# File Joint Tax Return if Spouse doesn't work?



## rahzaa (May 2, 2012)

For US Citizens in UAE, can you file a joint tax return if your spouse does not even work?

I believe the tax exemption doubles and goes to $180,000 if you file jointly?


----------



## Bevdeforges (Nov 16, 2007)

You can file a joint return as long as your spouse is a US citizen or otherwise subject to US taxation. BUT, the exclusion for working overseas does NOT double. Each spouse on a joint return can take their own exclusion for their own salary, but you can't use the "leftover" to cover the other's excess salary.
Cheers,
Bev


----------



## xchaos777 (Dec 15, 2010)

Yes, exactly what Bev said!


----------



## rahzaa (May 2, 2012)

So you are telling me not matter what i need to pay 25%-30% income tax on whatever i make over $91,000 (28,000 AED) for the rest of my career in UAE?

Whoa! 

Do the employers take this into consideration and pay US citizens more? 

What other countries have doube taxation? UK, India, China, Australia? 

THANKS!


----------



## xchaos777 (Dec 15, 2010)

It's not double taxation. You don't pay tax in the UAE. If you did, you are able to reduce the taxable income to prevent double taxation. 

Keep in mind also that you have other exclusions to claim. Rent, etc. that further reduce taxable income.

The US is one of a limited few that tax citizens and permanent resident card maintainers where ever they are in the world.

Seek tax advice on this. It will be invaluable, especially if you are netting well over the 90k mark.


----------



## xchaos777 (Dec 15, 2010)

By the way, 91k is 333k AED or so.


----------



## Pink Fairie (Sep 9, 2011)

xchaos777 said:


> By the way, 91k is 333k AED or so.


Maybe they meant $9,100??


----------



## xchaos777 (Dec 15, 2010)

But the exclusion is first 91k USD not taxed.


----------



## Pink Fairie (Sep 9, 2011)

xchaos777 said:


> But the exclusion is first 91k USD not taxed.

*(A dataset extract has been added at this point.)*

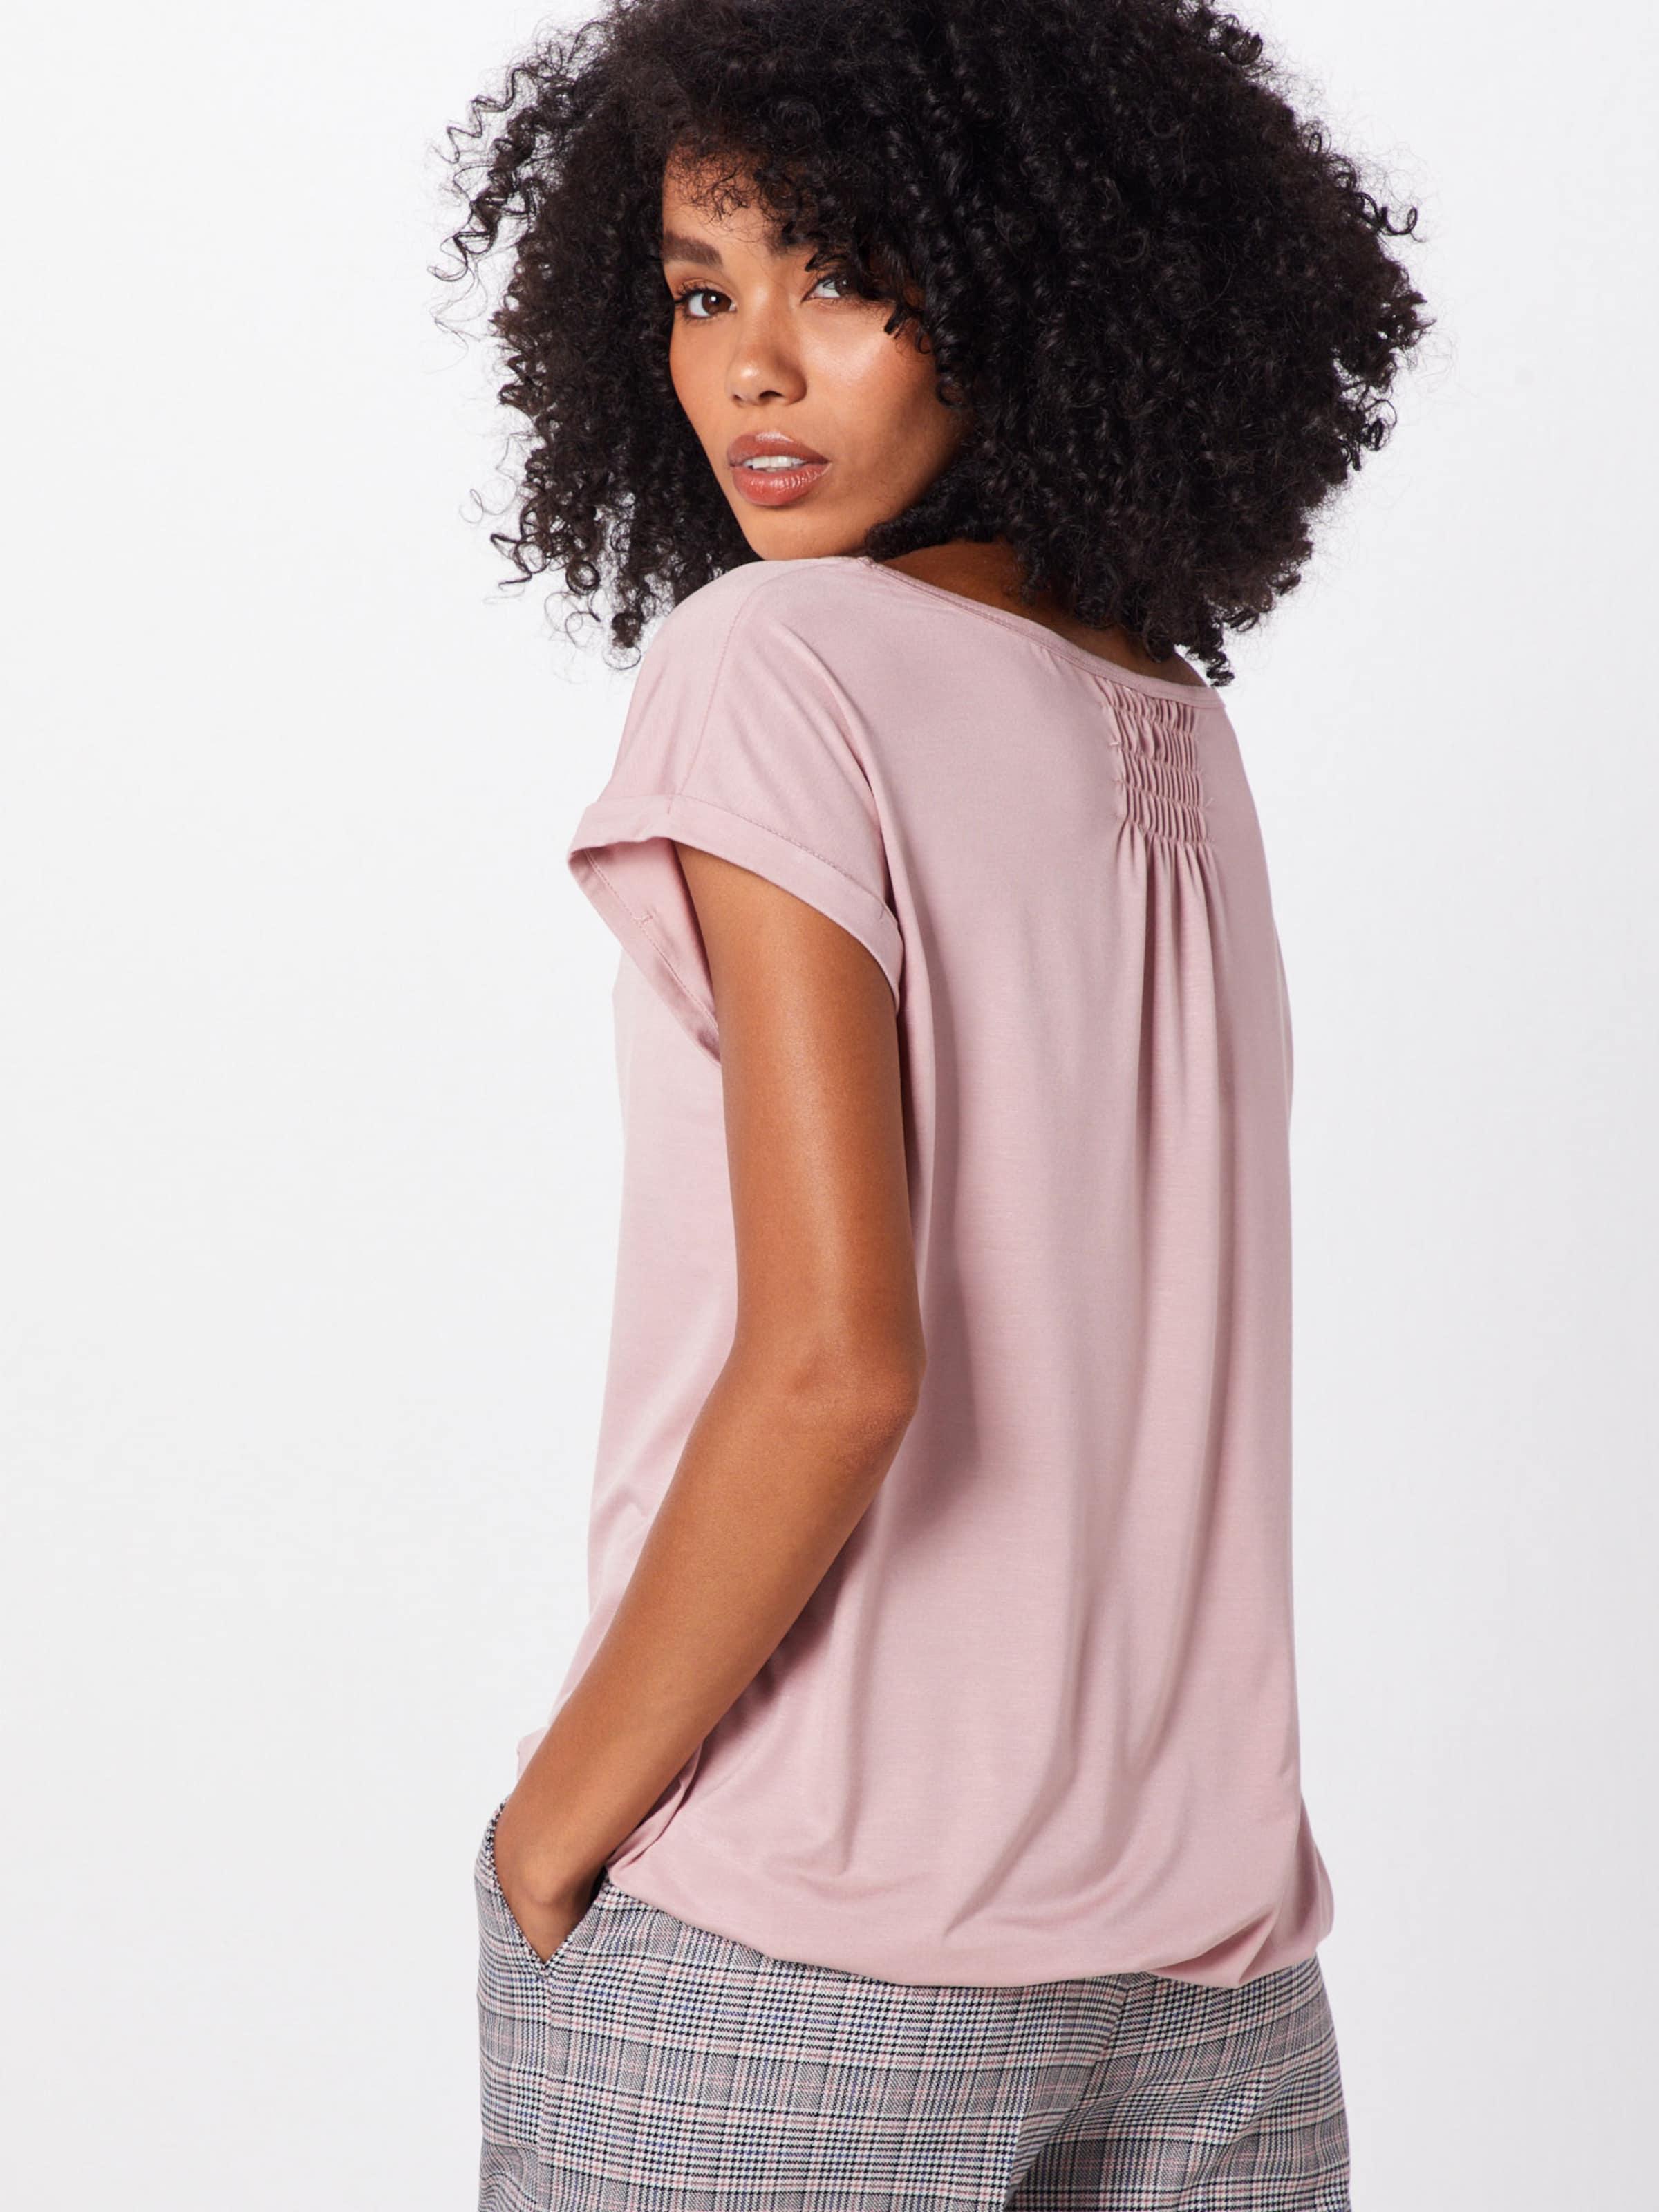 In Soyaconcept Rosa 'marica' Shirt Rosa Soyaconcept 'marica' Shirt Soyaconcept In Yf67vbgy
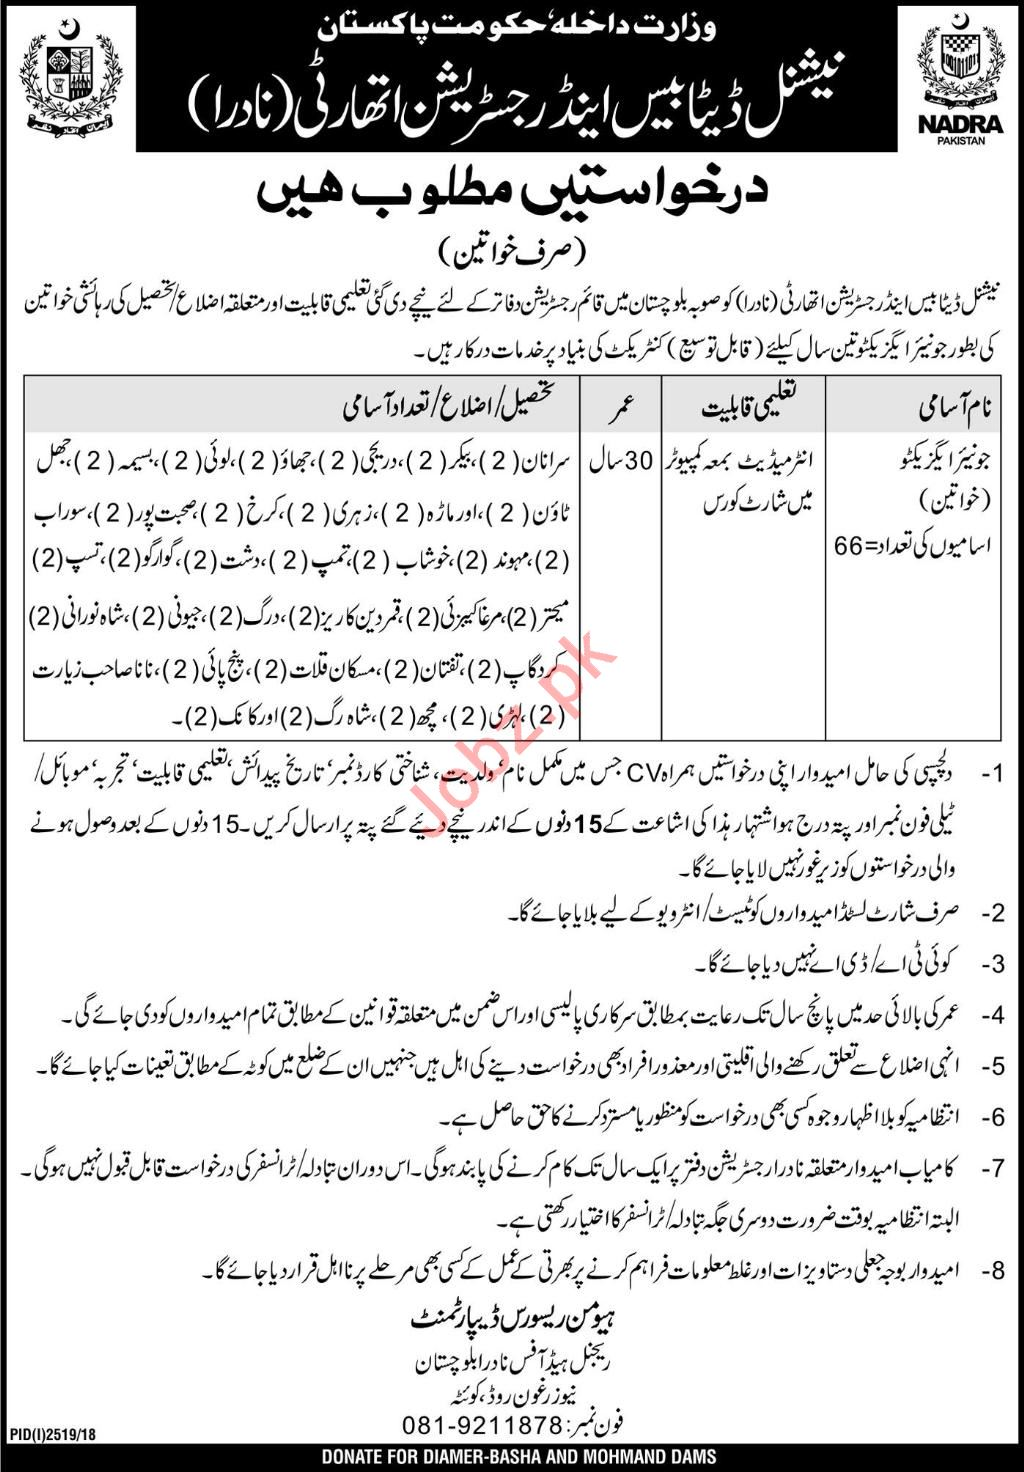 NADRA Regional Head Office Quetta Jobs 2019 for Executive

Ahhh, well that is quite a large amount then, especially when deductables are considered isn't it? I dont know why I actually got involved with this thread lol I dont know anything about US	Tax and the law!!!


----------



## xchaos777 (Dec 15, 2010)

Yes, it isn't so bad really. With deductions and planning...it is fine. BUT, get the tax advice!


----------